LightOj 1123-Trail Maintenance(最小生成树:神级删边)
1123 - Trail Maintenance
Time Limit: 2 second(s) | Memory Limit: 32 MB |
Tigers in the Sunderbans wish to travel freely among the N fields (numbered from 1 to N), even though they are separated by trees. The tigers wish to maintain trails between pairs of fields so that they
can travel from any field to any other field using the maintained trails. Tigers may travel along a maintained trail in either direction.

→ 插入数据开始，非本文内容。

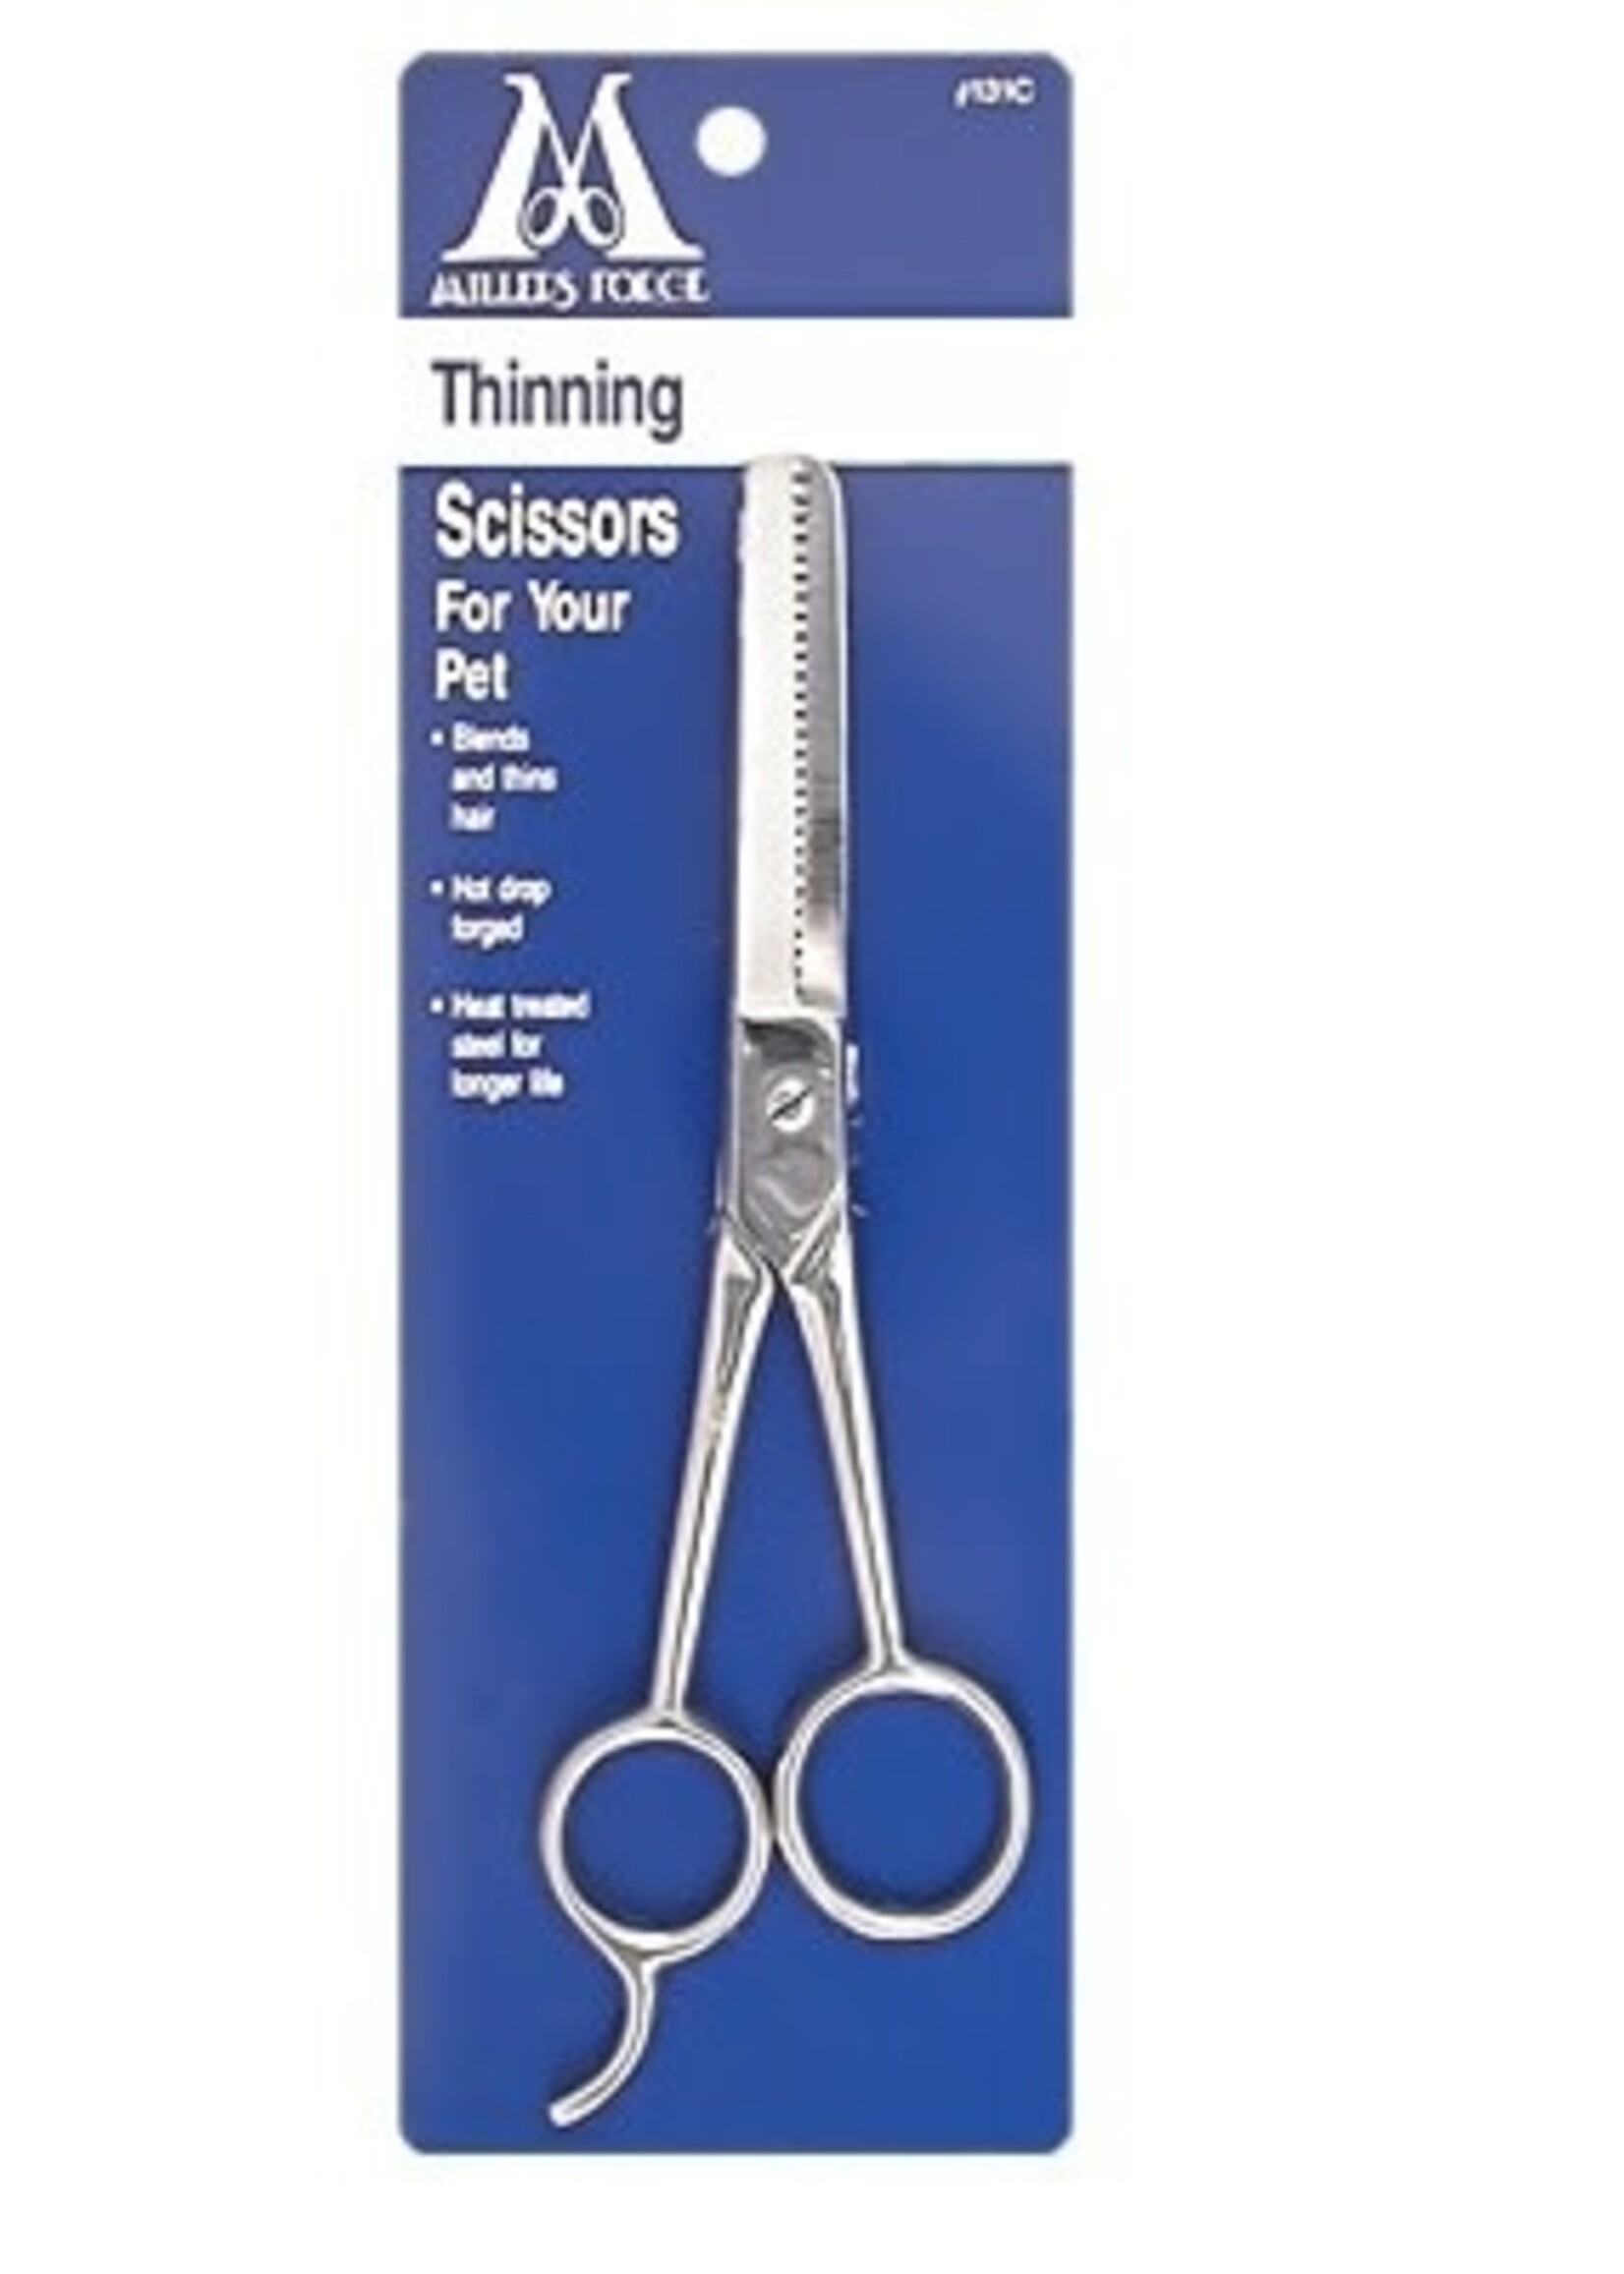 MILLER'S Miller Forge Hair Thinning Scissors

The tigers do not build trails. Instead, they maintain deer trails that they have discovered. On any week, they can choose to maintain any or all of the deer animal trails they know about. Always curious, the tigers discover one new deer trail at the beginning
of each week. They must then decide the set of trails to maintain for that week so that they can travel from any field to any other field. Tigers can only use trails which they are currently maintaining.
The tigers always want to minimize the total length of trail they must maintain. The tigers can choose to maintain any subset of the deer trails they know about, regardless of which trails were maintained the previous week. Deer trails (even when maintained)
are never straight. Two trails that connect the same two fields might have different lengths. While two trails might cross, tigers are so focused; they refuse to switch trails except when they are in a field. At the beginning of each week, the tigers will
describe the deer trail they discovered. Your program must then output the minimum total length of trail the tigers must maintain that week so that they can travel from any field to any other field, if there is such a set of trails.
Input
Input starts with an integer T (≤ 25), denoting the number of test cases.
Each case starts with two integers N (1 ≤ N ≤ 200) and W. W is the number of weeks the program will cover (1 ≤ W ≤ 6000).
Each of the next W lines will contain three integers describing the trail the tigers found that week. The first two numbers denote the end points (filed numbers) and the third number denotes the length of the trail (1 to 10000).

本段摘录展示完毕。